_Aim of the exercise_. Images should be omitted while the rest of the data is duplicated exactly.
Segment Start: Given material
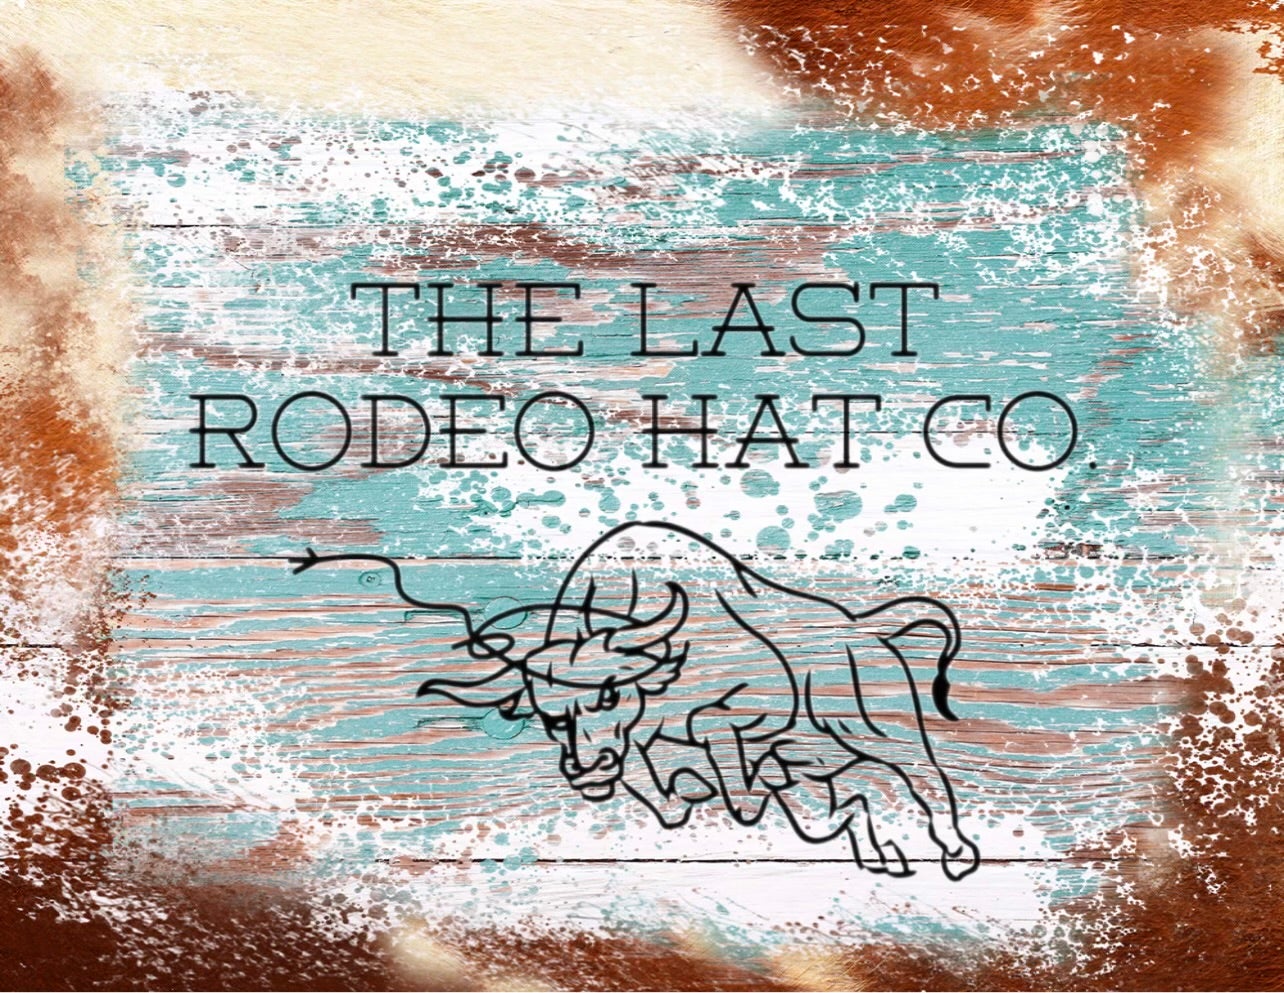 Home  The Last Rodeo HatCo.
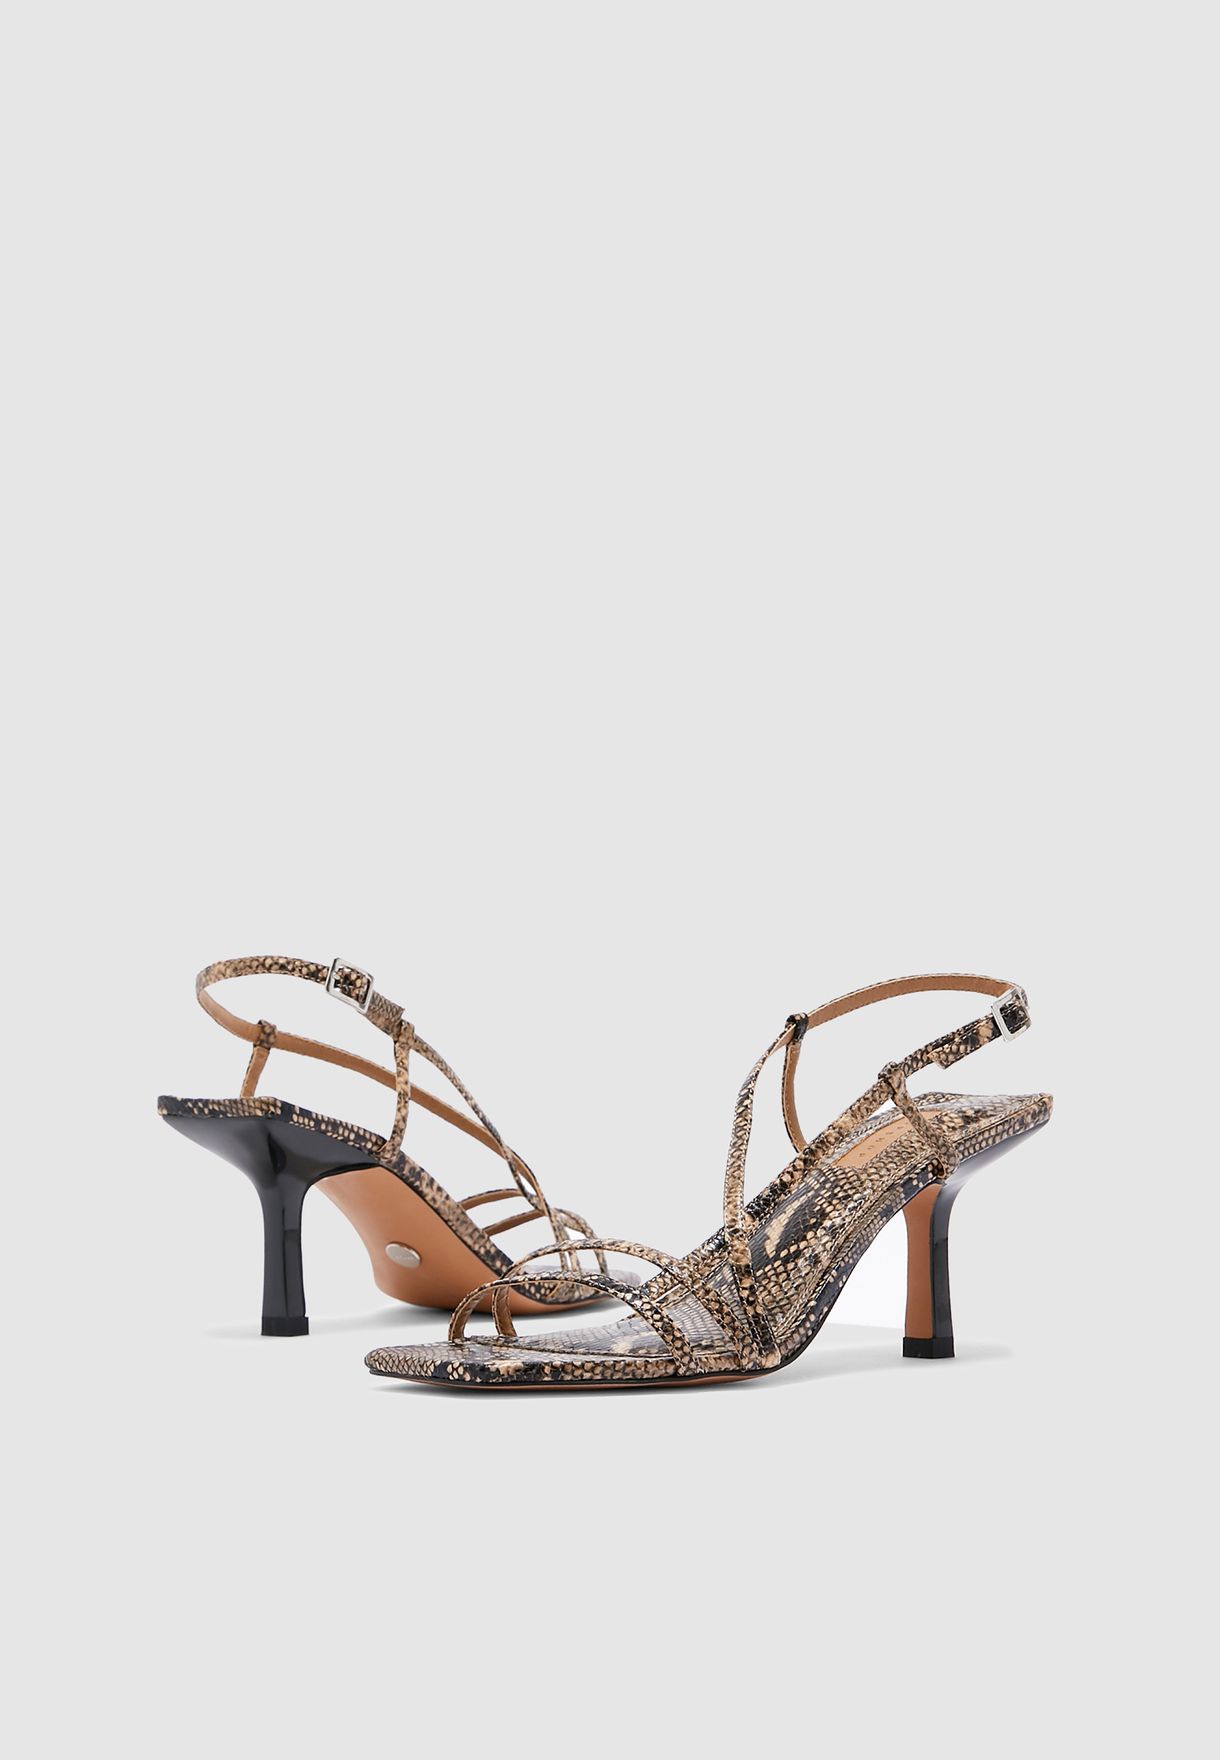 lime heeled sandals
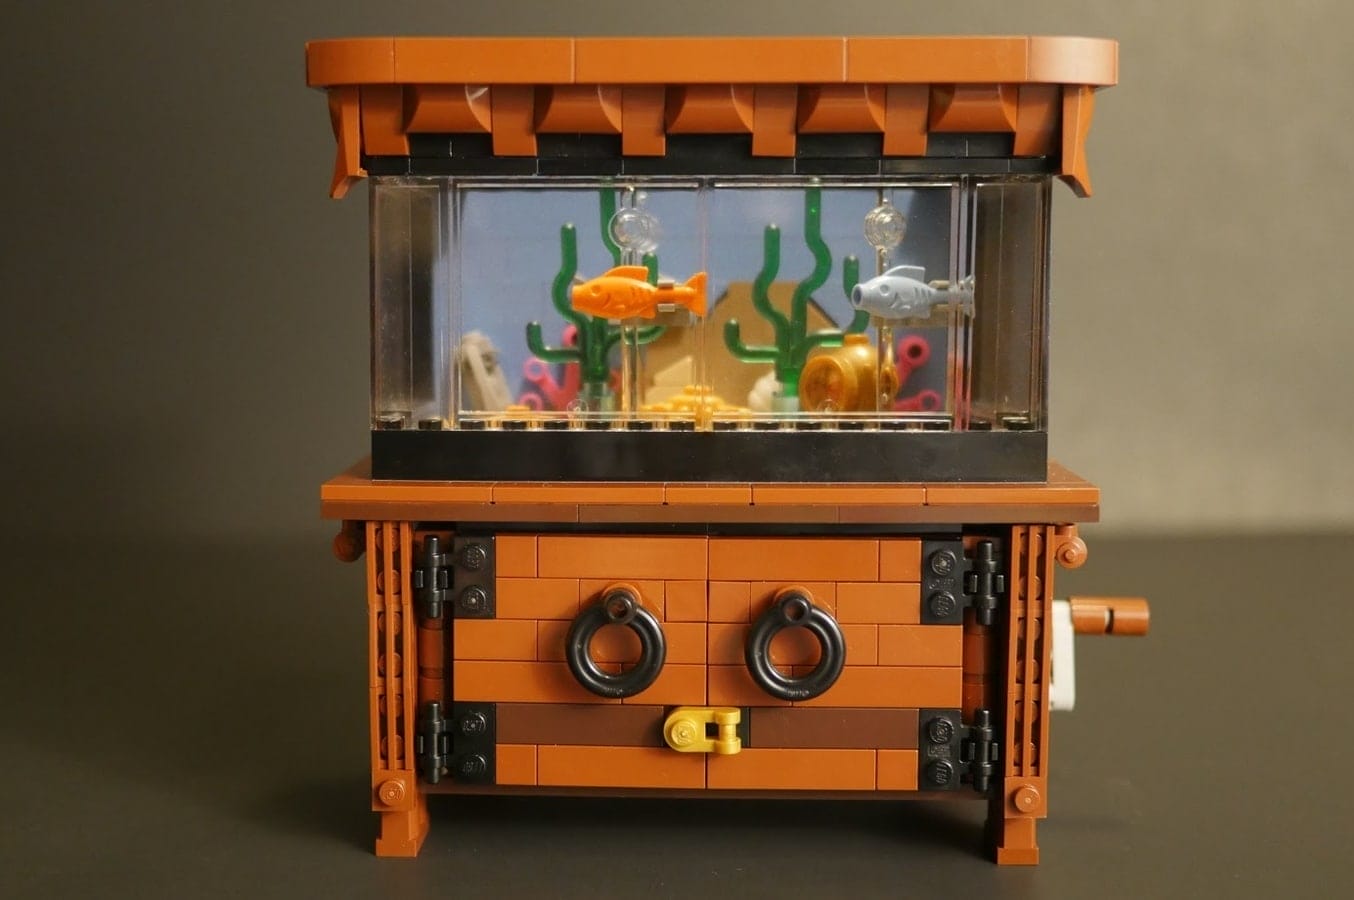 Das LEGO Aquarium hat was zu bieten. (Foto: LEGO Ideas)
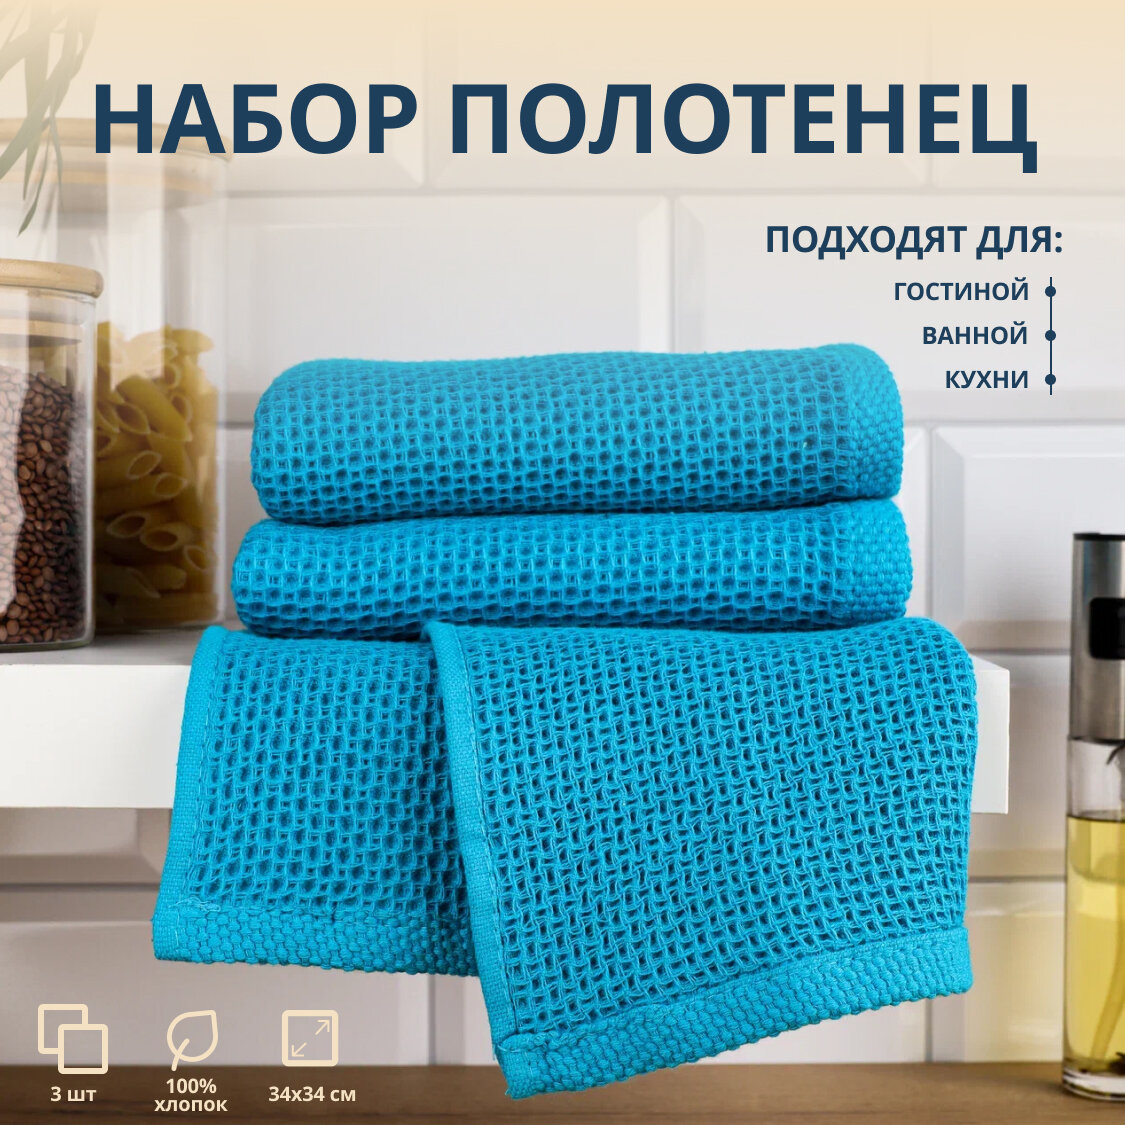 Кухонные полотенца, набор из 3 шт, размер 34*34см.
Segment End: Given material
_Response_.
 Home  The Last Rodeo HatCo.
 lime heeled sandals
 Das LEGO Aquarium hat was zu bieten. (Foto: LEGO Ideas)
 Кухонные полотенца, набор из 3 шт, размер 34*34см.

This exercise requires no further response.